The median OS and event-free survival (EFS) after 1L treatment were 69.5 and 46 months, respectively. However, patients with progression of disease within 24 months (POD24) had significantly worse outcomes, with a median OS of 25.3 months compared with 70.1 months for those without POD24. After 2L treatment, OS and EFS decreased to 20.3 and 15 months, respectively. Survival metrics further declined with each additional treatment line, emphasizing the diminishing efficacy of subsequent therapies.

Treatment choice significantly influenced outcomes. Among 1L regimens, Bruton tyrosine kinase inhibitor (BTKi)–containing therapies demonstrated a median OS of 69.1 months;  bendamustine and R-CHOP regimens yielded shorter OS. Patients receiving the Nordic (Maxi-CHOP) regimen or high-dose cytarabine regimens experienced the most favorable outcomes, with many undergoing autologous stem cell transplantation. In 2L treatment, BTKi-based regimens were predominant, but efficacy diminished when they followed a round of  1L BTKi therapy.

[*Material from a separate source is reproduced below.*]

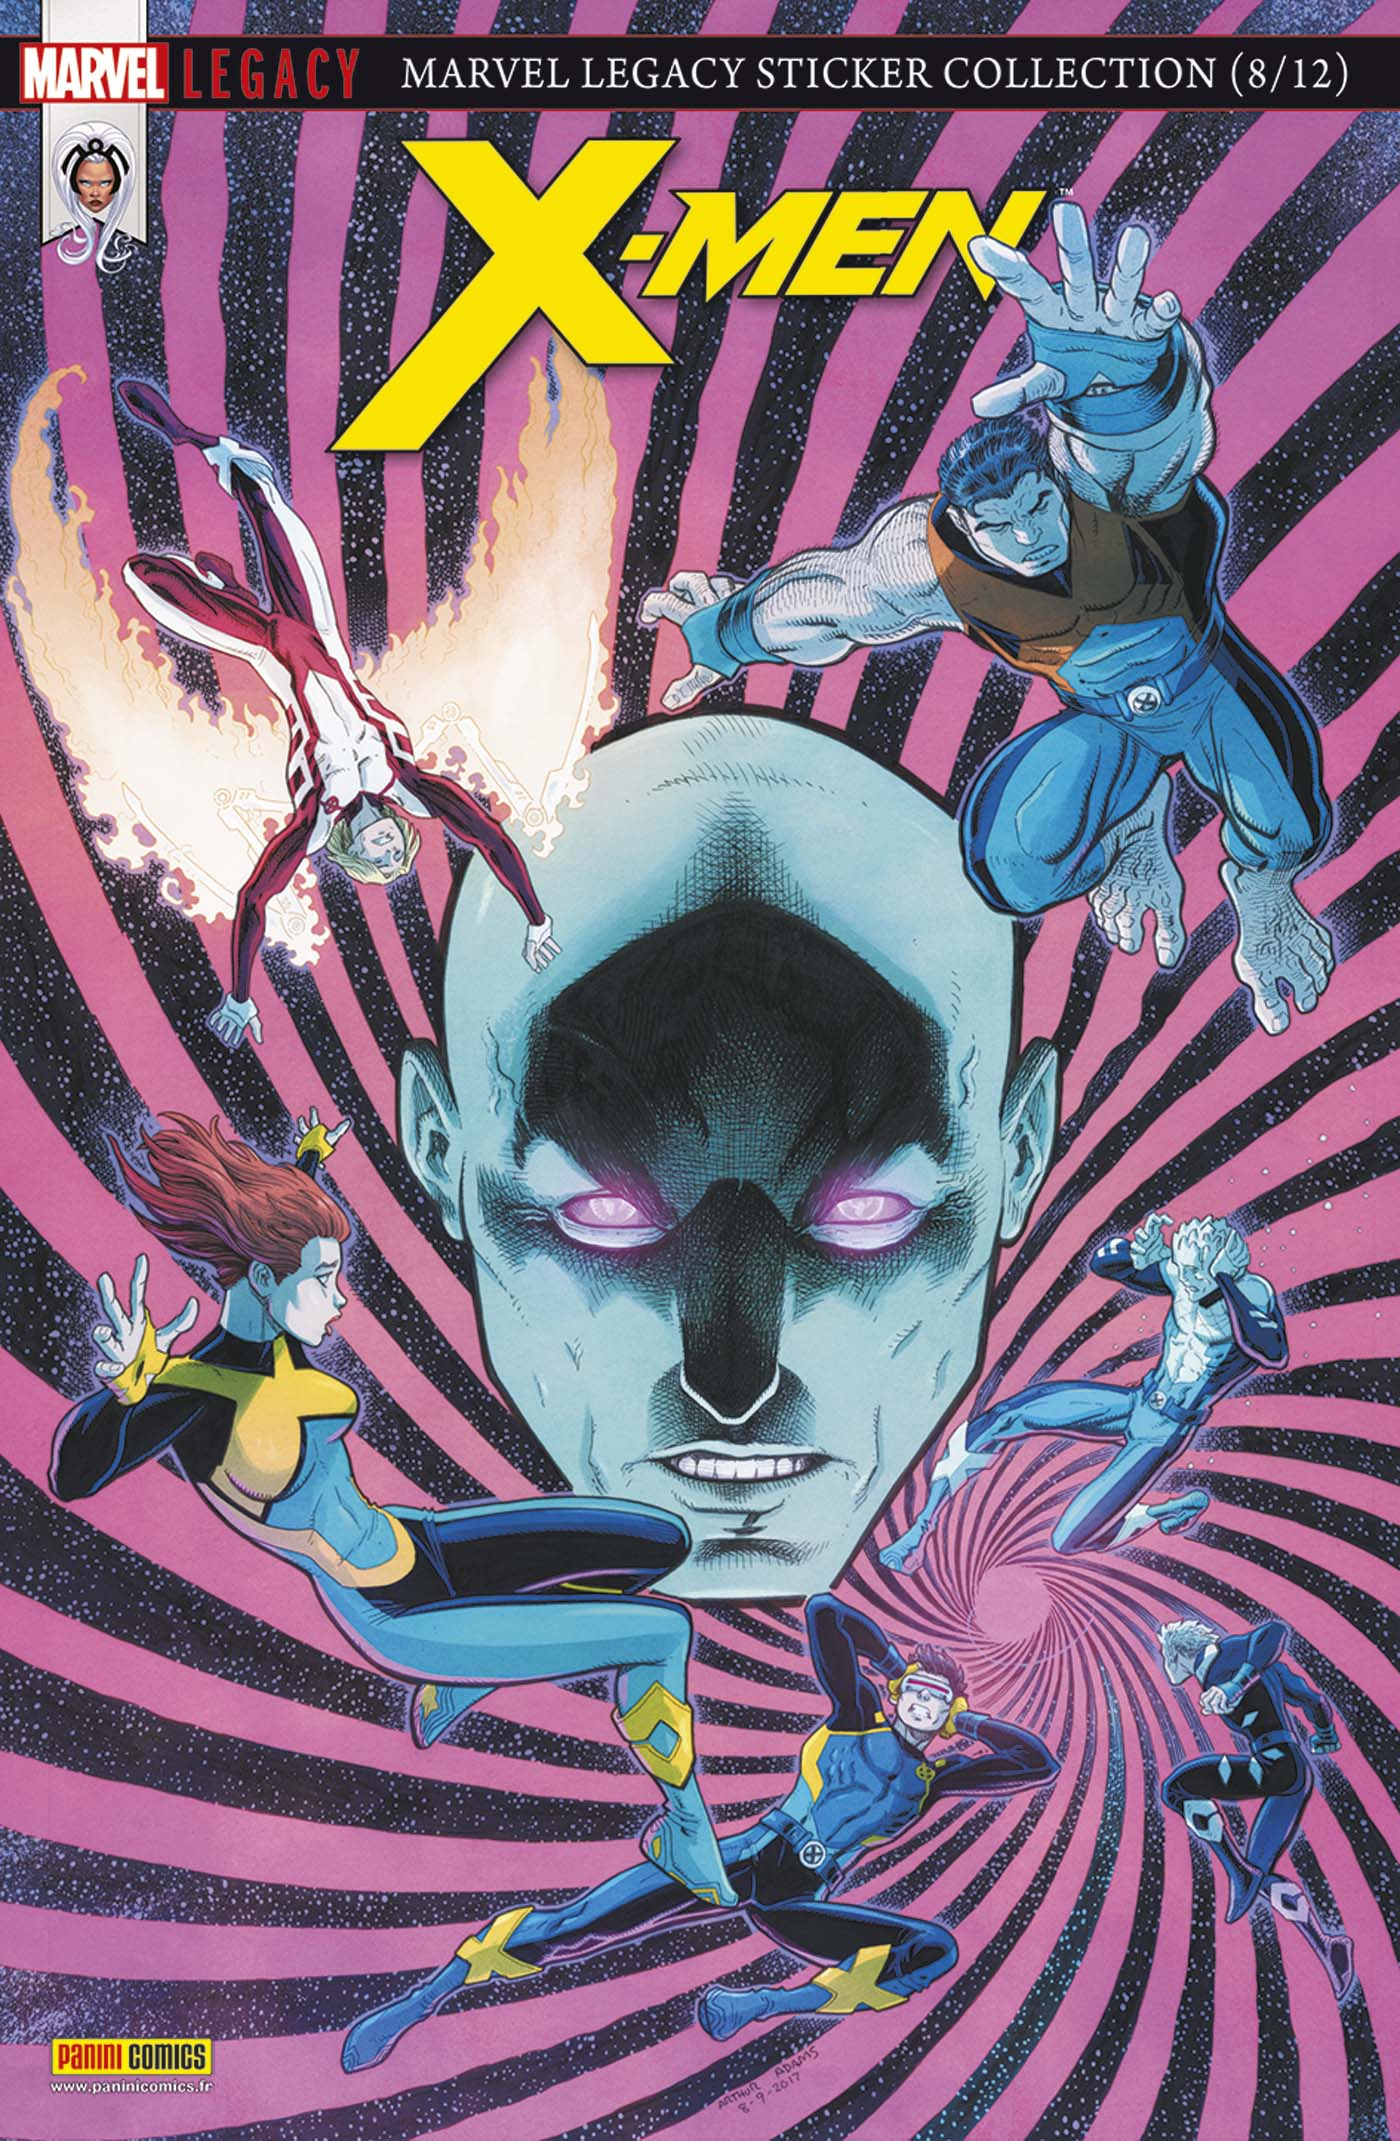 Marvel Legacy X-Men n°2 (VF)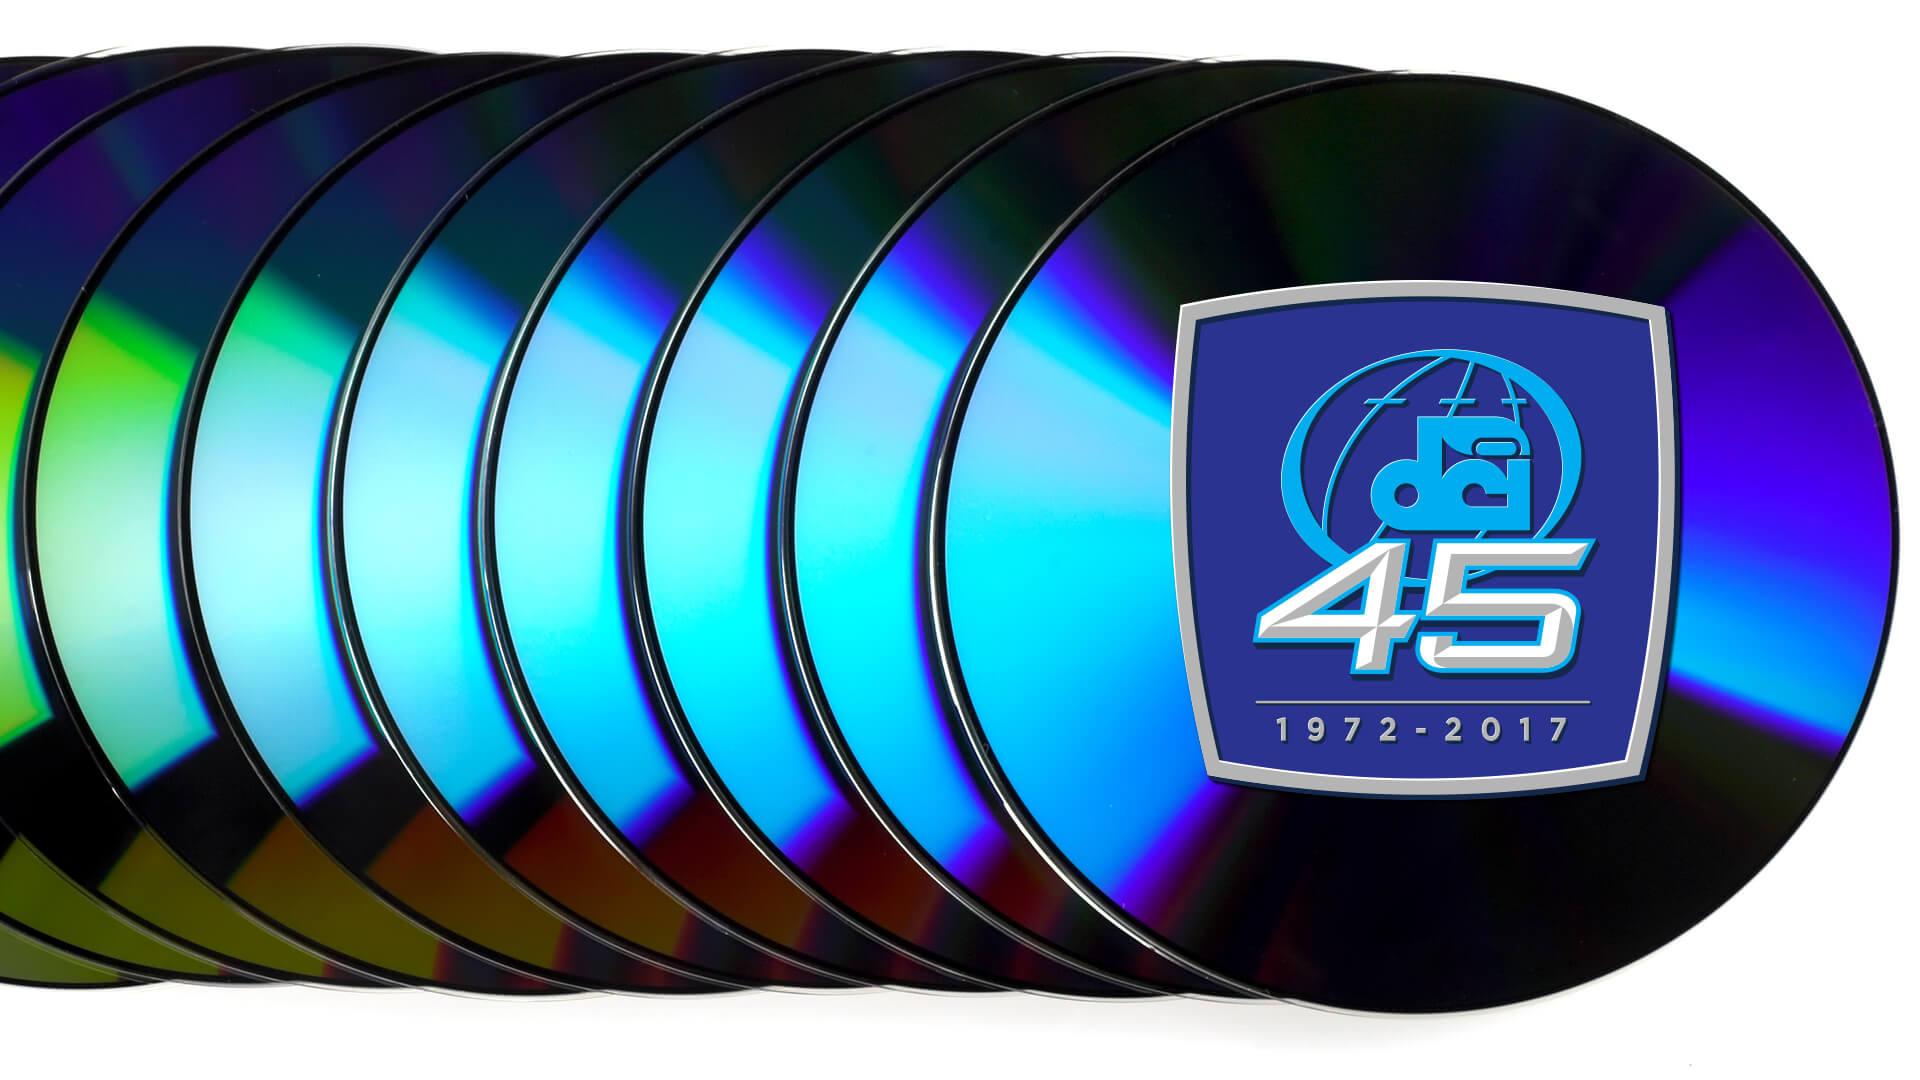 FAQs: 2017 DCI World Championship Audio/Video

“This prospective analysis confirms a progressive reduction in survival and response with successive treatment lines for relapsed MCL,” the authors noted.

“This patient-level longitudinal follow up highlights the need to optimize 1L treatment. Advancing age impacts OS and TTNT/death following 1L treatment. Time to POD from 1L treatment was associated with OS. RBAC [rituximab, bendamustine, cytarabine] was the most common 2L treatment following 1L BTKi.”

 

Reference

Mant S, Naylor G, Crosbie N, et al. A prospective analysis of outcomes following successive lines of treatment in mantle cell lymphoma in an unselected previously untreated population: The UK MCL Biobank. Abstract #1641. Presented at the American Society of Hematology Annual Meeting; December 7-10, 2024; San Diego, California.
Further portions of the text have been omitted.